Relations

**HTale** · January 29th 2009, 05:39 AM

The question is as follows,

Assume $q:X \rightarrow Y$ is onto. Define a relation of $X$ given by $x_1 {\sim}_q x_2$ iff $q(x_1) = q(x_2)$ .

1) Show that every equivalence class with respect to ${\sim}_q$ is of the form $q^{-1}(\{y\})$ for some element $y \in Y$ .

So, the equivalence classes of $x$ are given by

$[x] = \{x^{\prime} \in X : q(x) = q(x^{\prime})\}$

which I possibly could write as

$[x] = \{x^{\prime} \in X : x = q^{-1}(q(x^{\prime}))\}$

where, $q(x^{\prime}) \in Y$ . But, how can this inverse exist in the first place; he defined the map to be onto, and not one-to-one! Am I thinking about this the wrong way?

2) Show that the there is a one-to-one correspondence between $Y$ and the set of equivalence classes of ${\sim}_q$

My argument goes a little like this; we have our set $Y$ , and denote our set ${\sim}_q$ by $\{[x_1], [x_2], \ldots, [x_n]\}$ . Then, we have that each of these elements are unique. If this is the case, then each equivalence on the set $X$ corresponds to a unique element on the set $Y$ . This satisfies injectivity.

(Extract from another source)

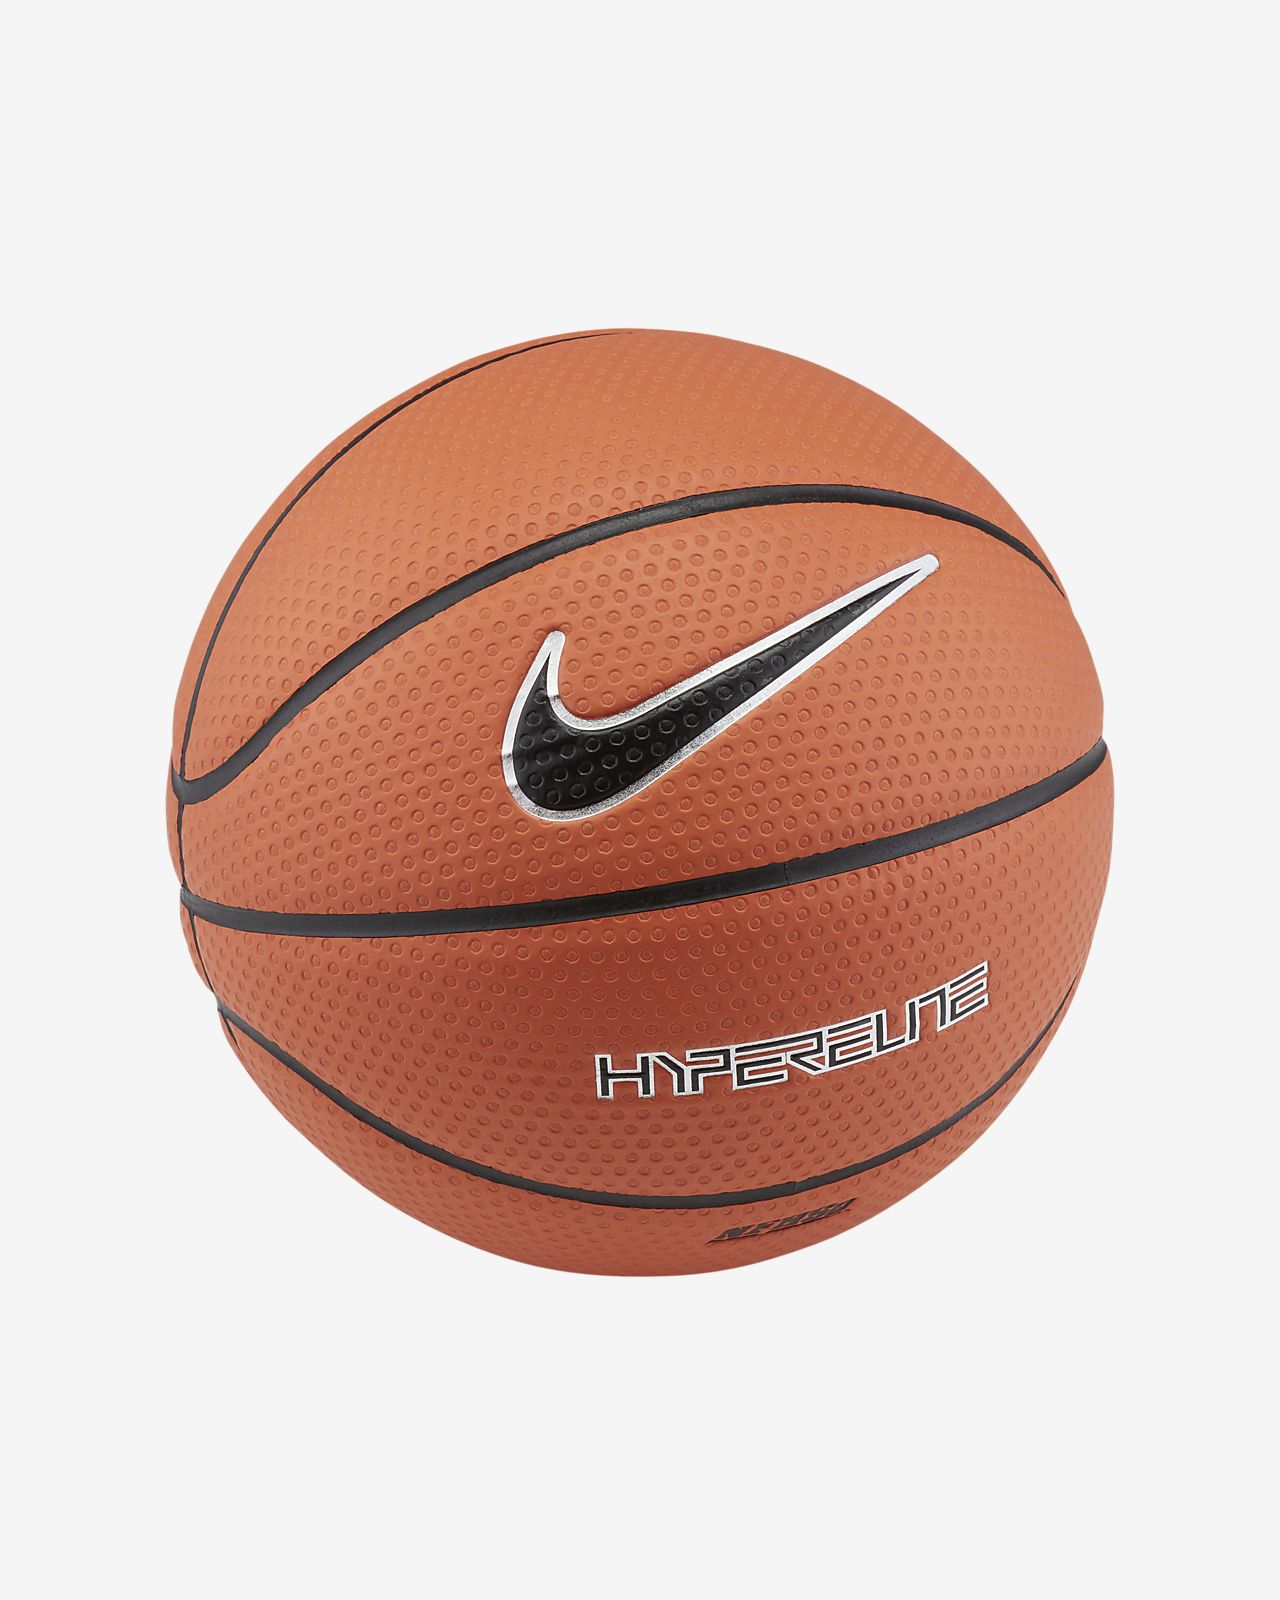 palloni da basket jordan

I'm not sure if this is even a correct argument, or if I'm on the right tracks, and how would this all be formalised?

3) Prove that for every equivalence relation $\sim$ on $X$ , one can find a $Y$ and an onto map $q:X \rightarrow Y$ such that $\sim = \sim$

I have not got a clue what on earth this is even asking! Any help on this would be much appreciated.

Thank you all in advance,

HTale.

**ThePerfectHacker** · January 29th 2009, 09:05 AM

Originally Posted by HTale

1) Show that every equivalence class with respect to ${\sim}_q$ is of the form $q^{-1}(\{y\})$ for some element $y \in Y$ .

So, the equivalence classes of $x$ are given by

$[x] = \{x^{\prime} \in X : q(x) = q(x^{\prime})\}$

which I possibly could write as

$[x] = \{x^{\prime} \in X : x = q^{-1}(q(x^{\prime}))\}$

where, $q(x^{\prime}) \in Y$ . But, how can this inverse exist in the first place; he defined the map to be onto, and not one-to-one! Am I thinking about this the wrong way?

For $x\in X$ we let $[x] = \{ x' \in X | q(x') = q(x) \}$ .
Let $y = q(x)$ then $q^{-1} (\{y\}) = \{ x' \in X | q(x') \in \{ y\} \} = \{ x' \in X | q(x') = q(x) \} = [x]$ .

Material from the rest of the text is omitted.